REQUIREMENT:
Each line, starting at the one with "The seats and" and running to the end of the data below, is to be set down again exactly, both ends included; leave pictures out.

DATA:
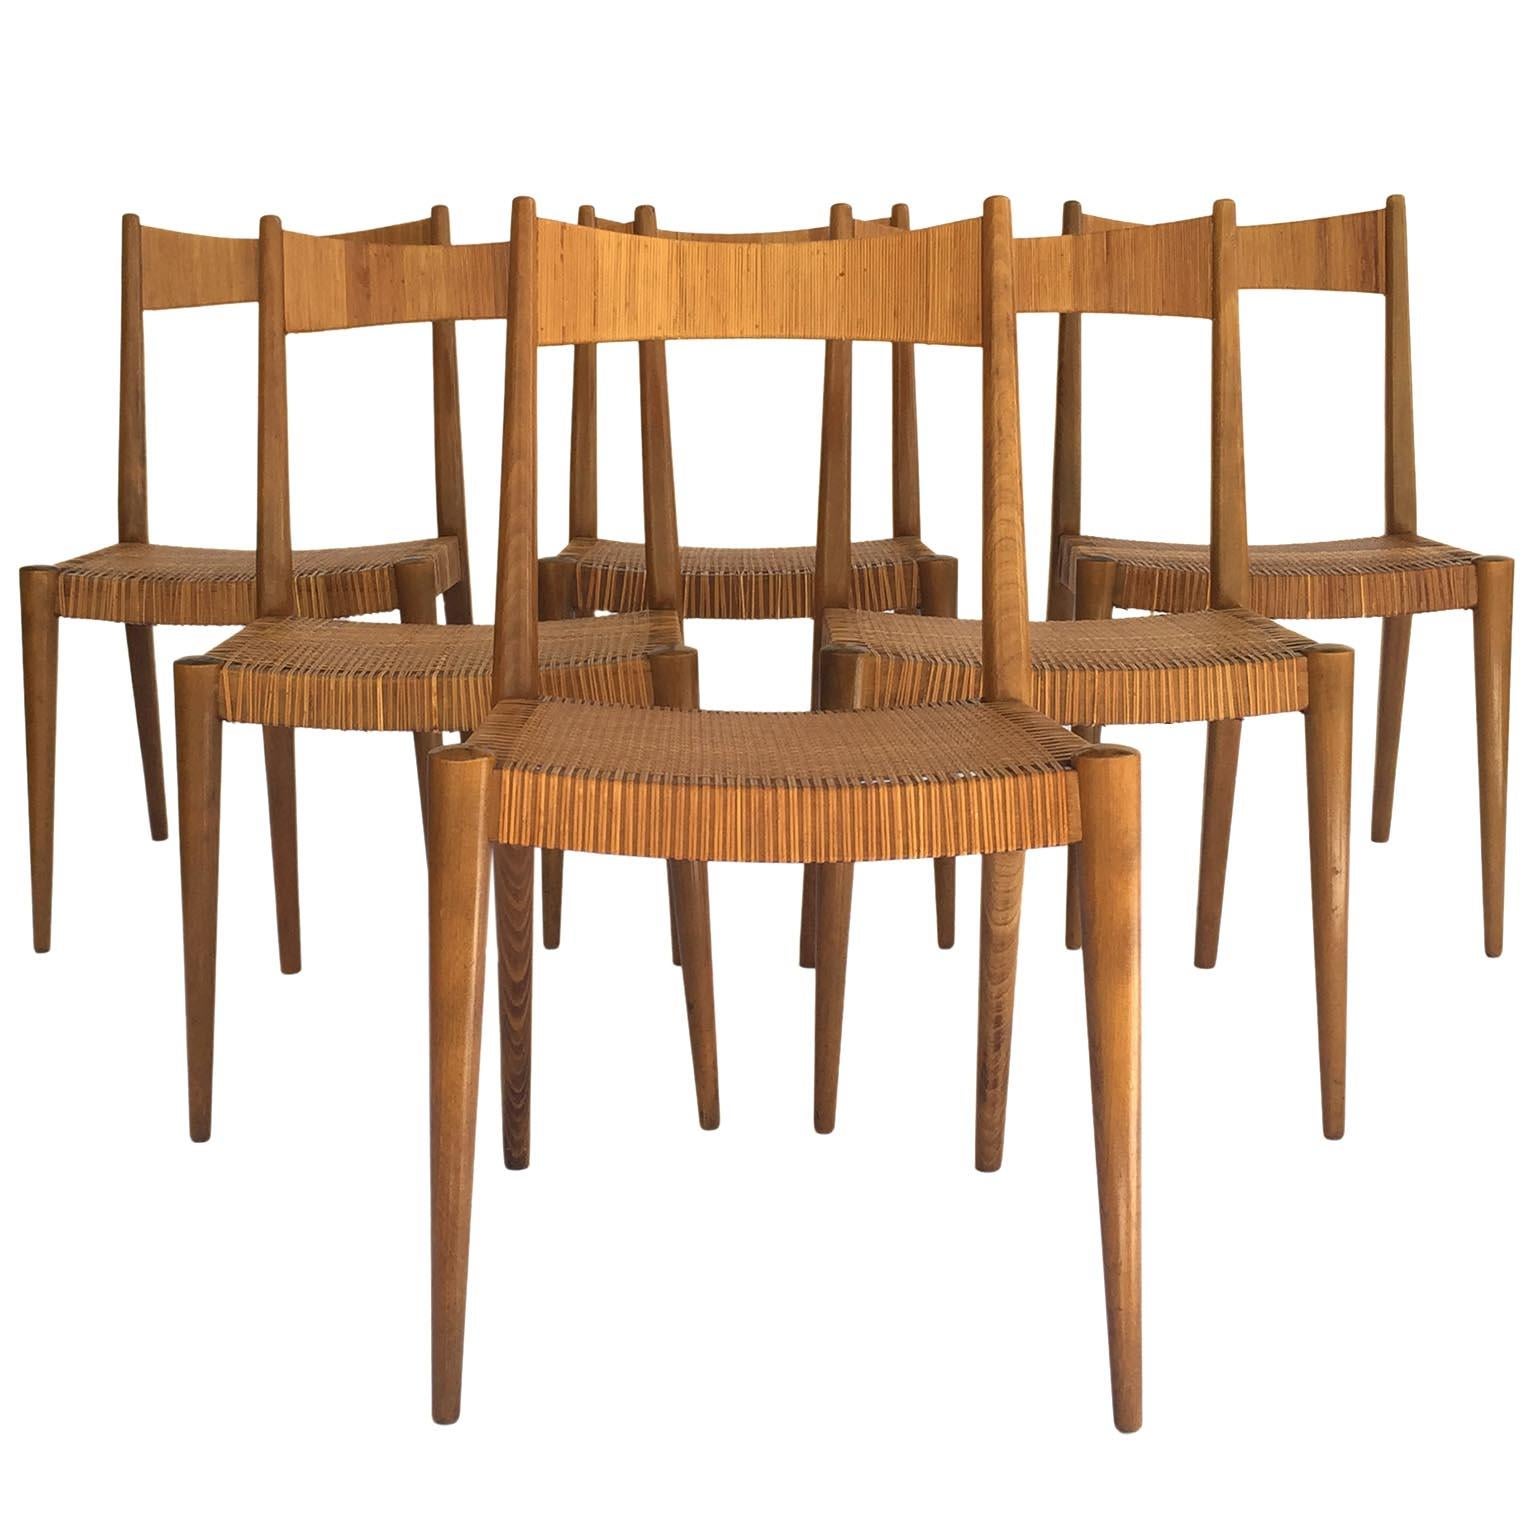 A set of six dining room or side chairs designed by Anna-Luelja Praun (1906-2004), Vienna, Austria, manufactured in midcentury, circa 1950.
The seats and backs are covered with cane or wicker. A few of the cane has been restored and replaced with
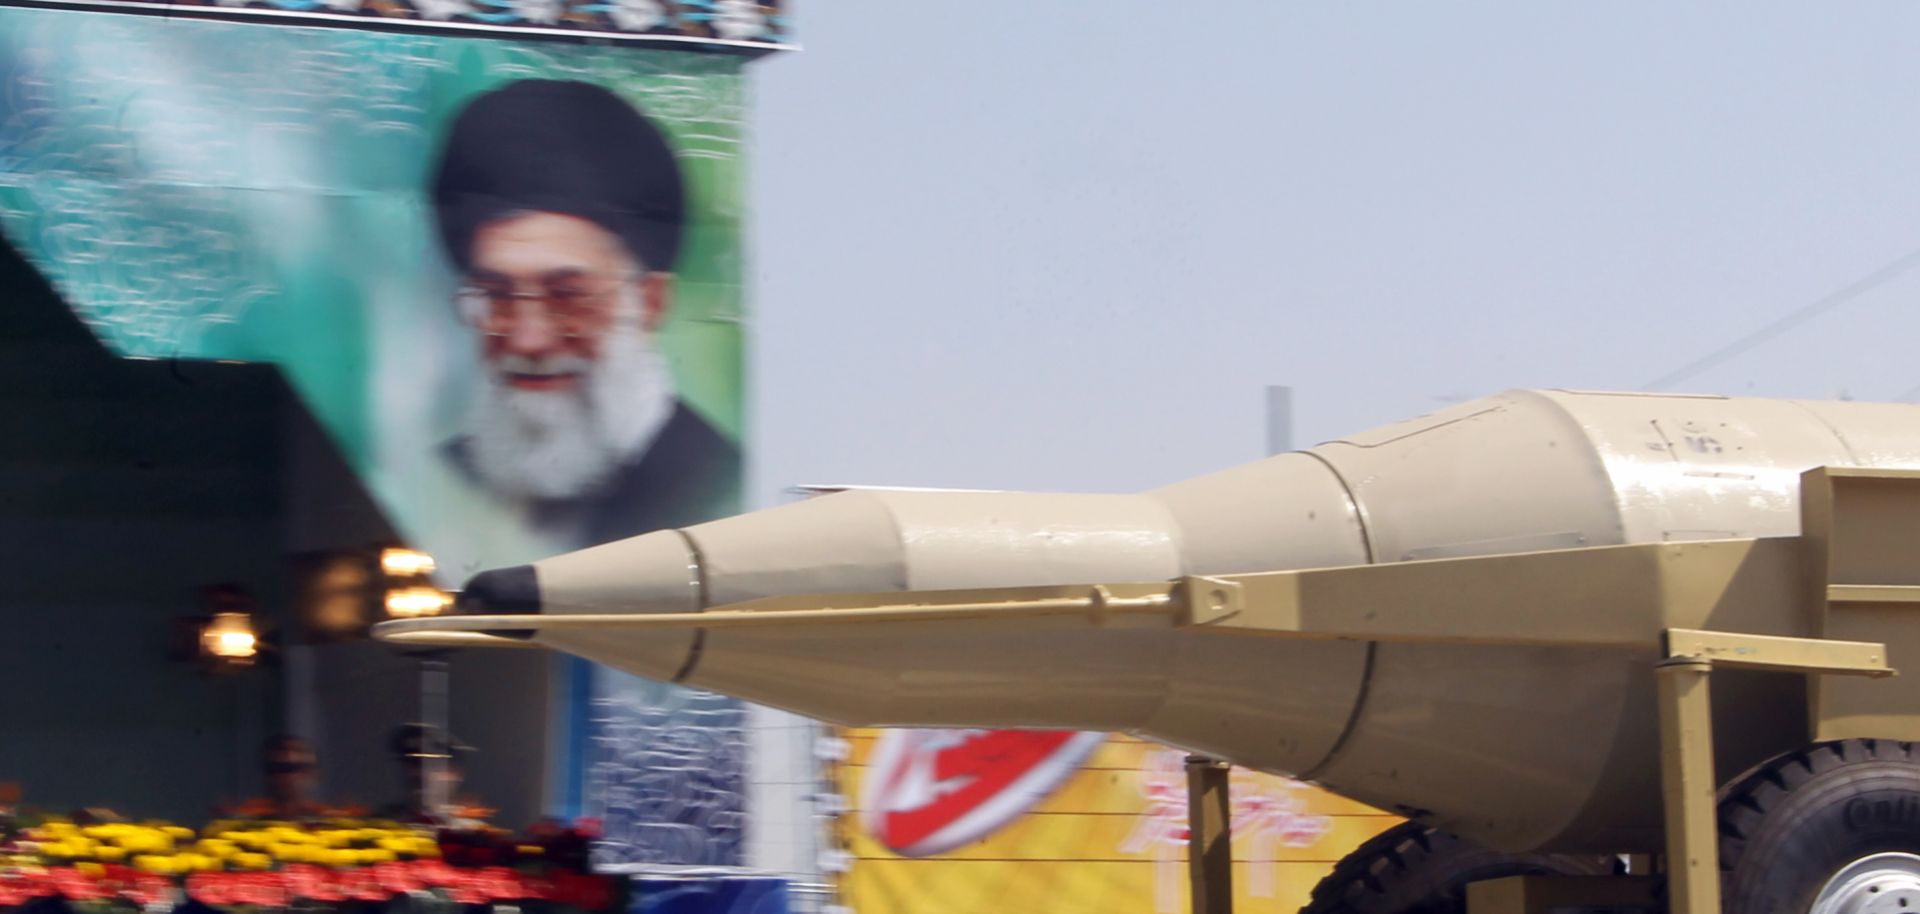 An Iranian military truck carries a Sejjil missile past a portrait of Supreme Leader Ayatollah Ali Khamenei during a Sept. 22, 2013, military parade in Tehran marking the anniversary of the start of the 1980-88 Iran-Iraq war.

THE ANSWER:
The seats and backs are covered with cane or wicker. A few of the cane has been restored and replaced with
 An Iranian military truck carries a Sejjil missile past a portrait of Supreme Leader Ayatollah Ali Khamenei during a Sept. 22, 2013, military parade in Tehran marking the anniversary of the start of the 1980-88 Iran-Iraq war.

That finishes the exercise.